Given the mathematical similarities between image processing and quantum mechanics, we can demonstrate a significant advantage when performing the classification tasks using quantum hardware. Assuming we can feasibly implement the models on current hardware, we can expect significant speedups in training and inference time as compared to the equivalent classical models.
That said, image processing is perhaps the perfect use case for demonstrating the quantum advantage in industrial use-cases for the NISQ era hardware, for both scientific as well as artistic endeavors.
Why did Qualition select the visualization challenge?
Our Quantum Image Processing framework provides a user-friendly illustration for understanding the effect of quantum evolution operators on a given state, similar to that of a Bloch Circle, but generalized to N-dimensional states.
Given the mathematical correspondence, we can infer that real-valued quantum states can be represented as images, and thus we can visually observe the effect of applying any real-valued quantum operation to the state through the change in the state’s image representation.
This visualization can be expanded to a procedural generation illustrating the gradual change in the quantum state by gradually applying the operation, i.e., applying an RY as we gradually increase the rotation angle.

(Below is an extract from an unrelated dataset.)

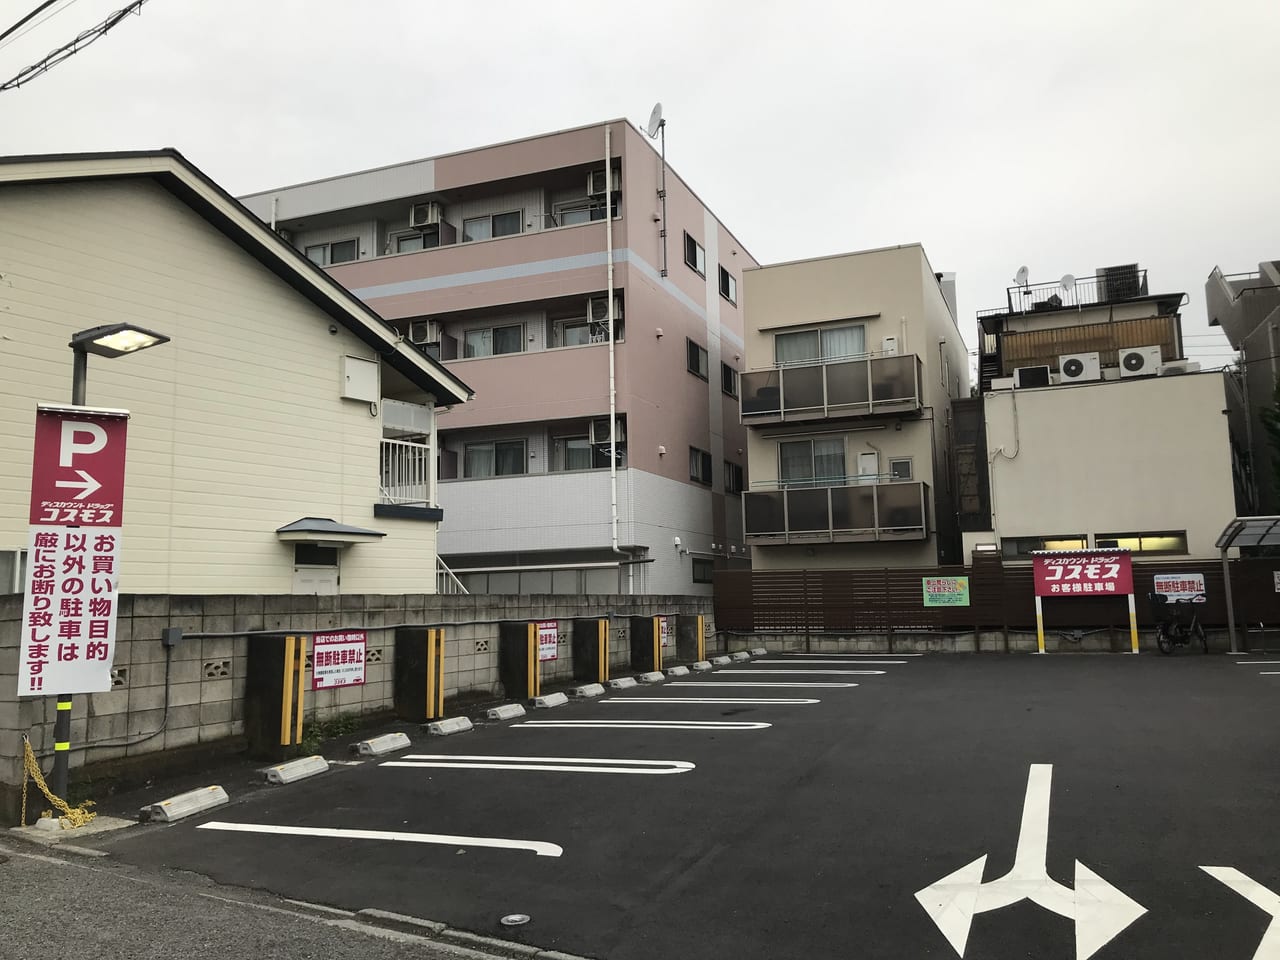 世田谷区上野毛ディスカウントドラッグコスモス上野毛店では、駐車場が車12台分になり、エントランスも中央になって、より一層便利にリニューアルしました。

What are some areas/industries in which quantum-enabled image processing could be used?
Quantum image processing can be applied to virtually any image processing task present in the industry, and some examples which would considerably benefit from such a quantum-enabled model would be medical Imaging (e.g., cancer detection, disease classification, segmentation for neurological diseases), satellite Imaging (e.g., object detection, land cover and land use detection, and change detection), and real-time unmanned vehicle routing (e.g., autonomous vehicles, unmanned drones, and robotics).
Quantum-enabled image processing obviates the need to remove certain features for a faster inferenc, a necessary step in classical Deep Learning models. Therefore, using quantum techniques, we can capture and retain more information. In the case of medical imaging, the ability to retain key information content may be the difference between finding a small tumor or not.
We look forward to seeing what the Qualition team does next!